Directions for this task: In the entries that follow, find the line containing "HARD EDGE DESIGN" and the line containing "Star Wars actor", then retype exactly the lines from the first through the second, pictures excluded.
-------- Data section --------
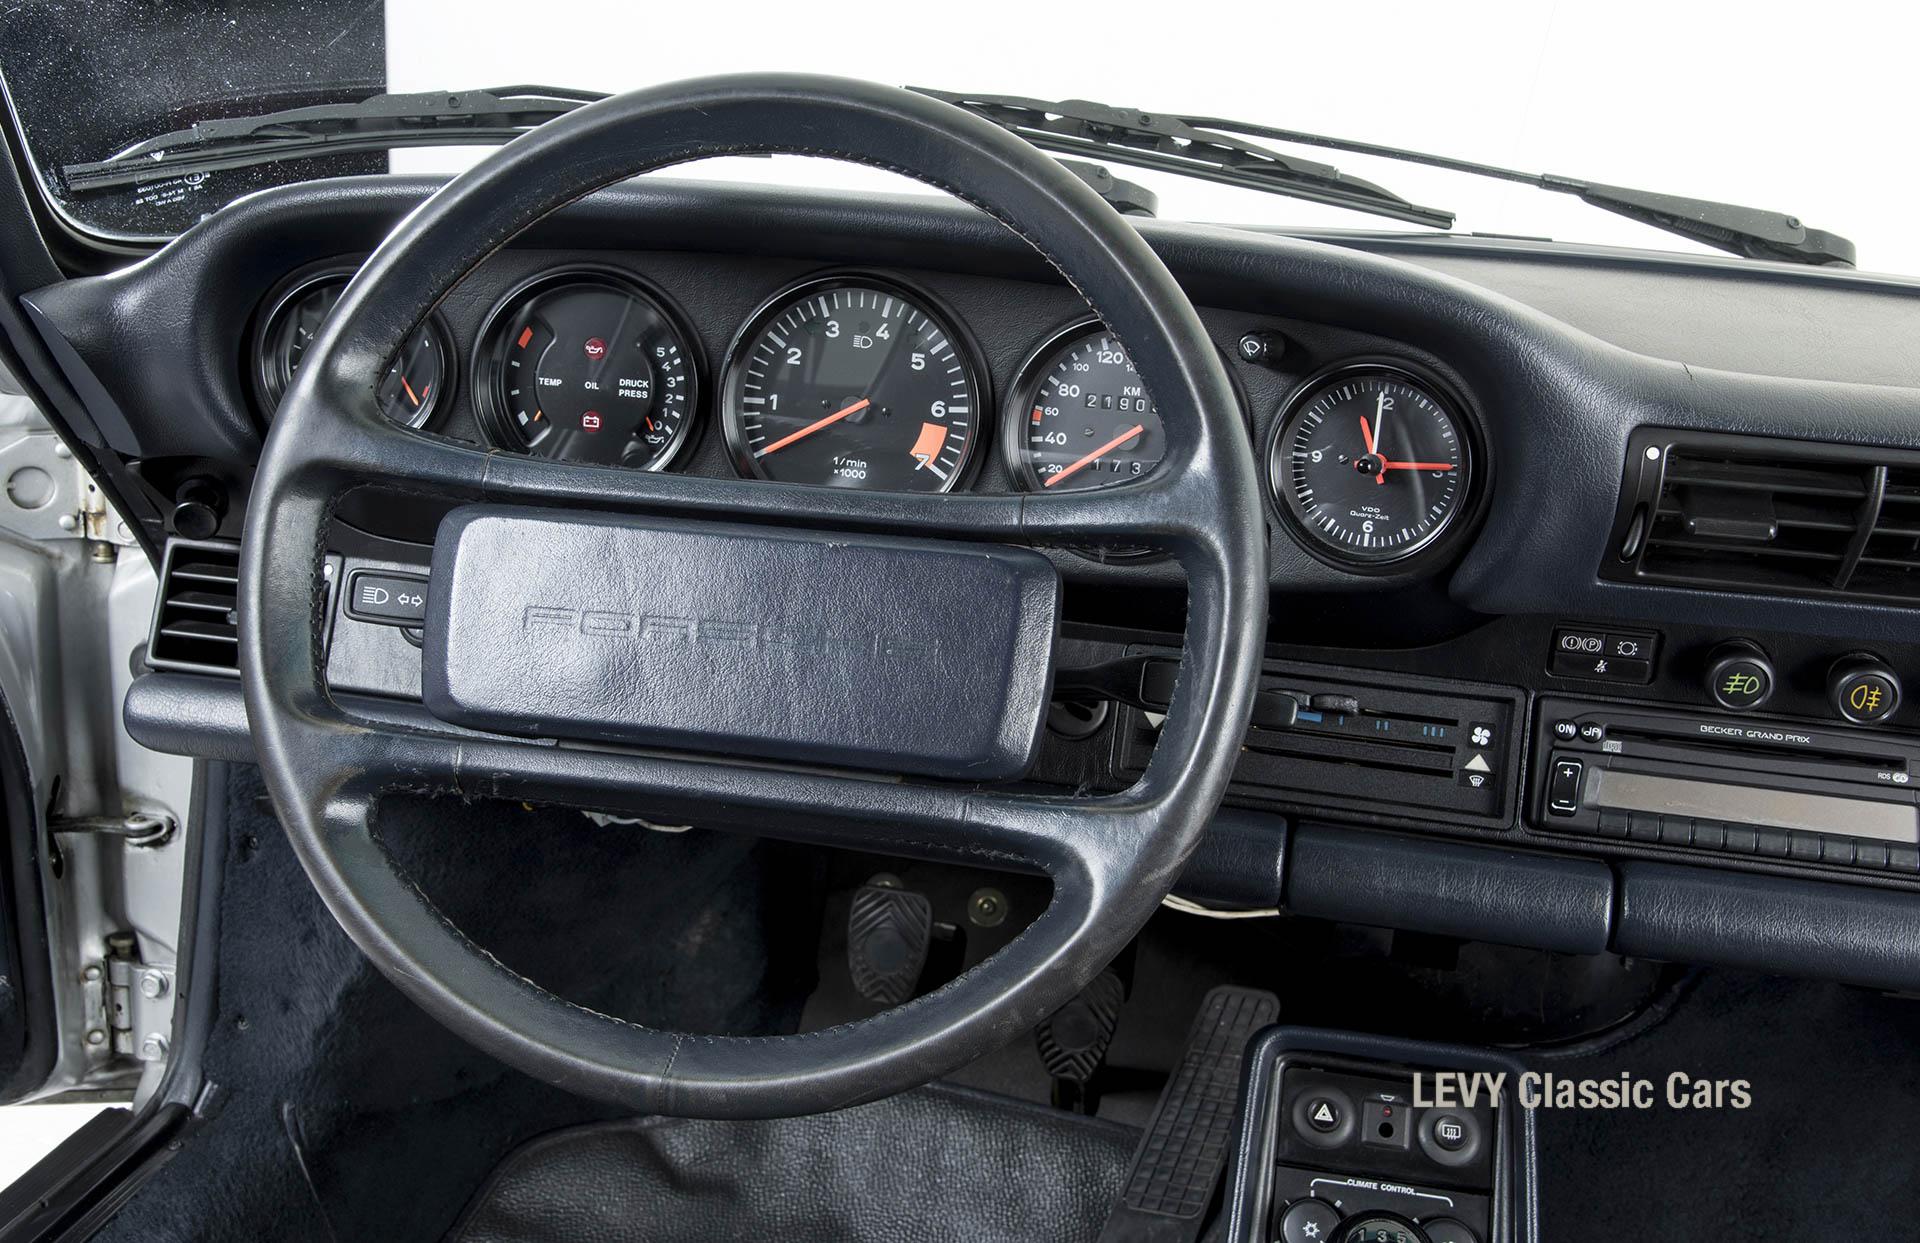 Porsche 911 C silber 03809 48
--------
-------- Data section --------
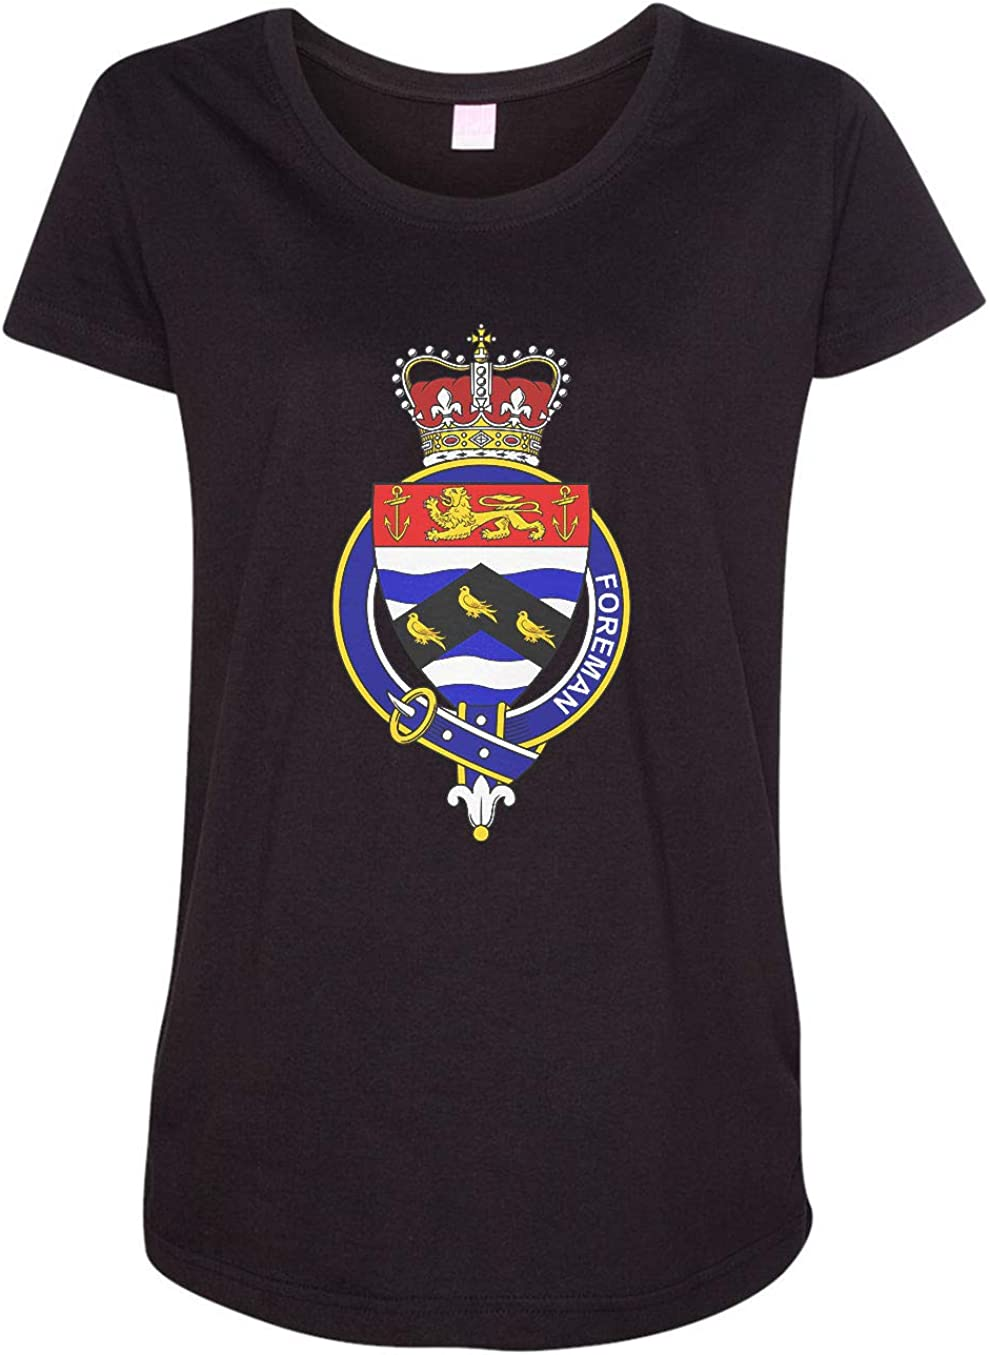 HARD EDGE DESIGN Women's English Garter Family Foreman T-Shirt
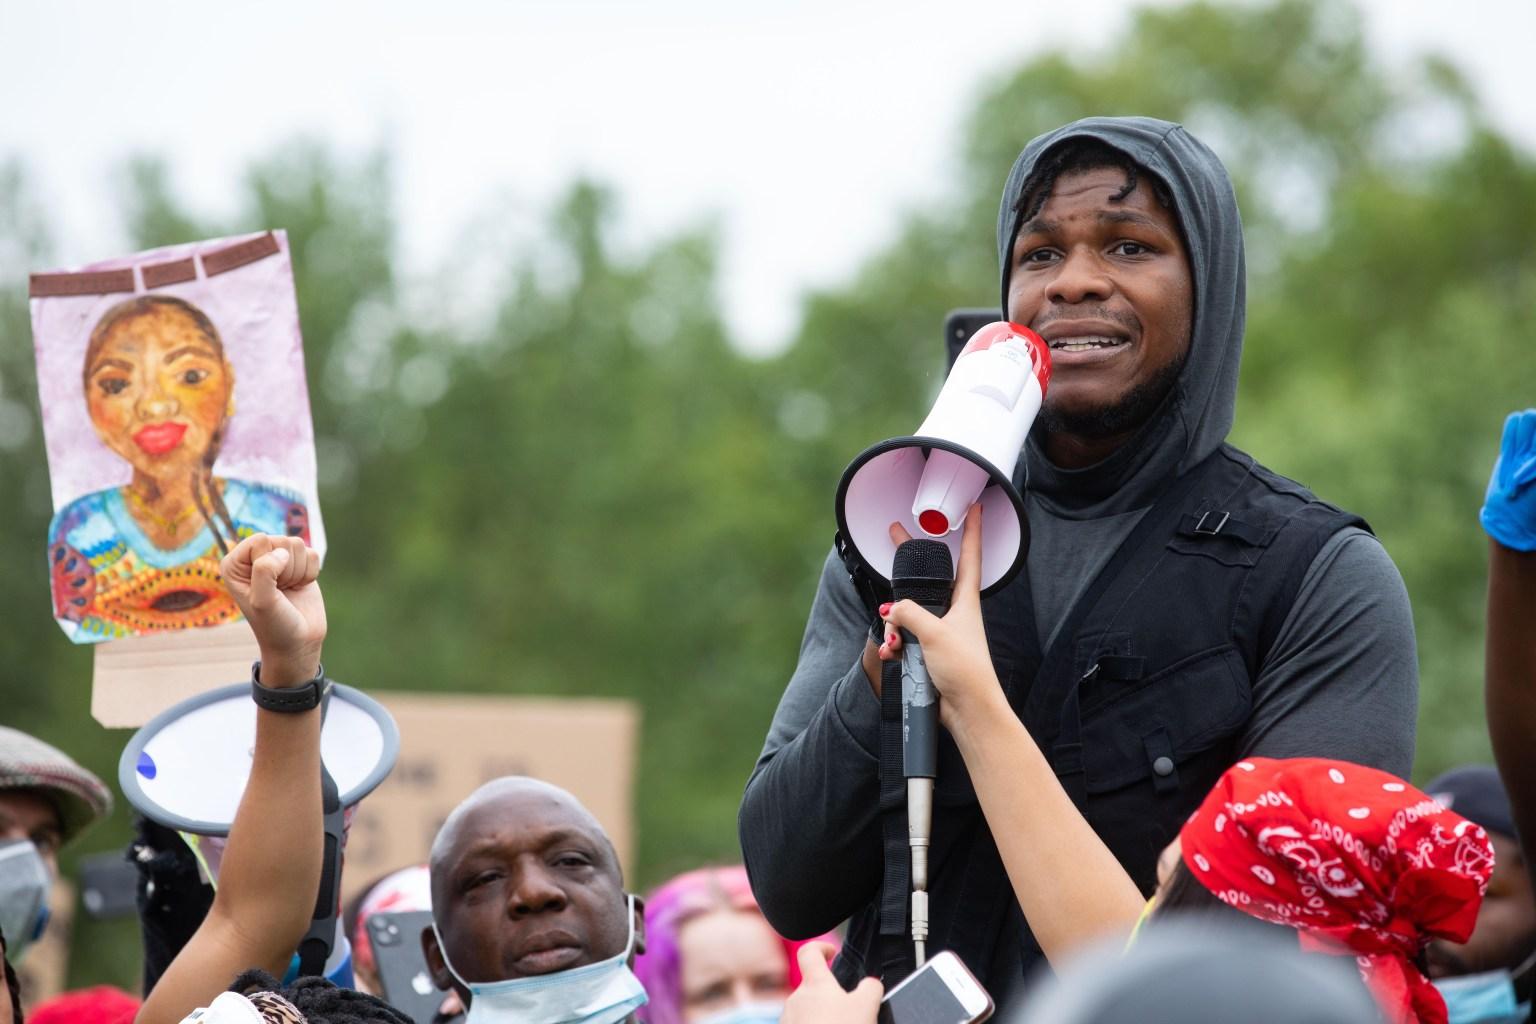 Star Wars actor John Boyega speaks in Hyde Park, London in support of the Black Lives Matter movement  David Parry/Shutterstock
--------
Answer section:
 HARD EDGE DESIGN Women's English Garter Family Foreman T-Shirt
 Star Wars actor John Boyega speaks in Hyde Park, London in support of the Black Lives Matter movement  David Parry/Shutterstock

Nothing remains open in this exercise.